Como podrá recordarse, a inicios de este año, el presidente guyanés
David Granger, siempre presto a atacar a Venezuela, habría pedido que se
aumentara la presencia militar en la frontera, debido a que el “Sindicato” aumentó sus acciones delictivas en la zona y se habrían reportado ataques a mineros guyaneses.
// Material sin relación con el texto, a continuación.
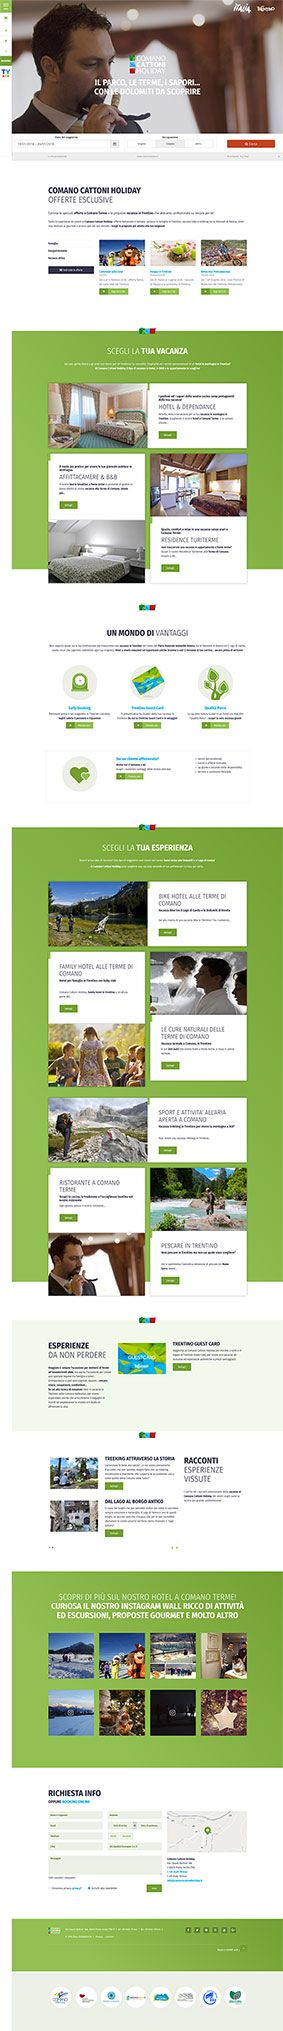 #comanocattoniholiday www.comanocattoniholiday.it #kumbe #webdesign #portfolio #hotel #cattoni #holiday #vacanza #outdoor #terme #dolomiti #sapori #tradizioni #offerte #dependance #affittacamere #bedandbreakfast #residence #booking #esperienza #bike #natura #fishing #comanoterme #comano #trentino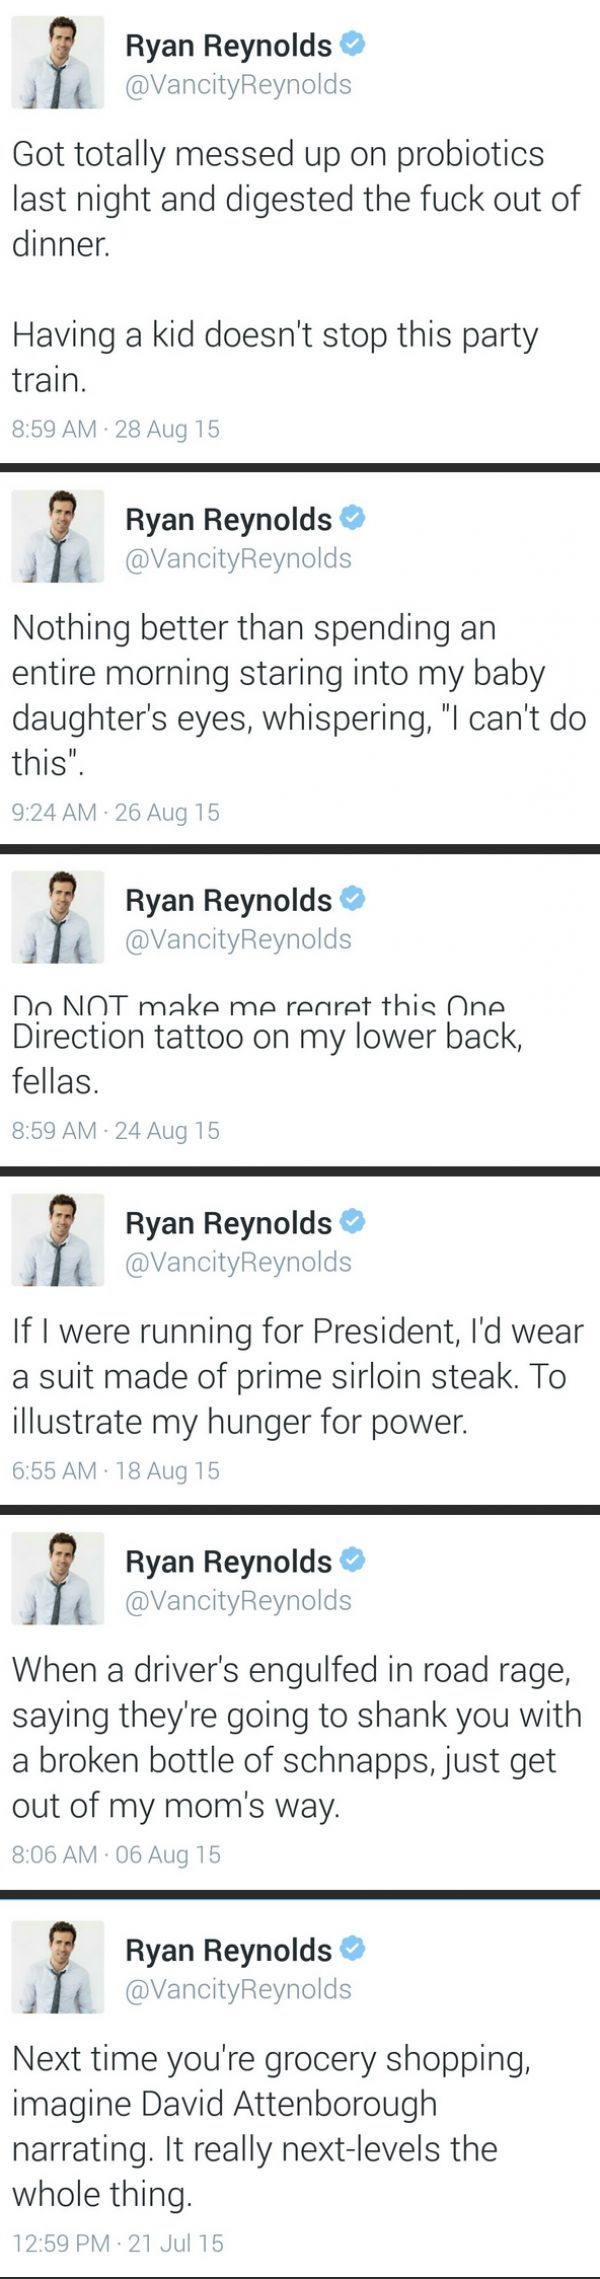 Ryan Reynolds Twitter is my new favorite thing

Ya para concluir quiero señalar, repitiendo lo dicho en un artículo anterior (7),
que si en definitiva Colombia y Guyana decidiesen actuar en profundidad
como los peones del imperio que realmente son, invadiendo nuestro
territorio, no les arriendo las ganancias puesto que de este lado se
encontrarán con un pueblo cívico-militar, plenamente capacitado para la
defensa del territorio y dispuesto a entregar hasta su última gota de
sangre por entender que si Venezuela cae, habrá de caer toda “Nuestra América” , que retornaría a ser el infamante “patio trasero”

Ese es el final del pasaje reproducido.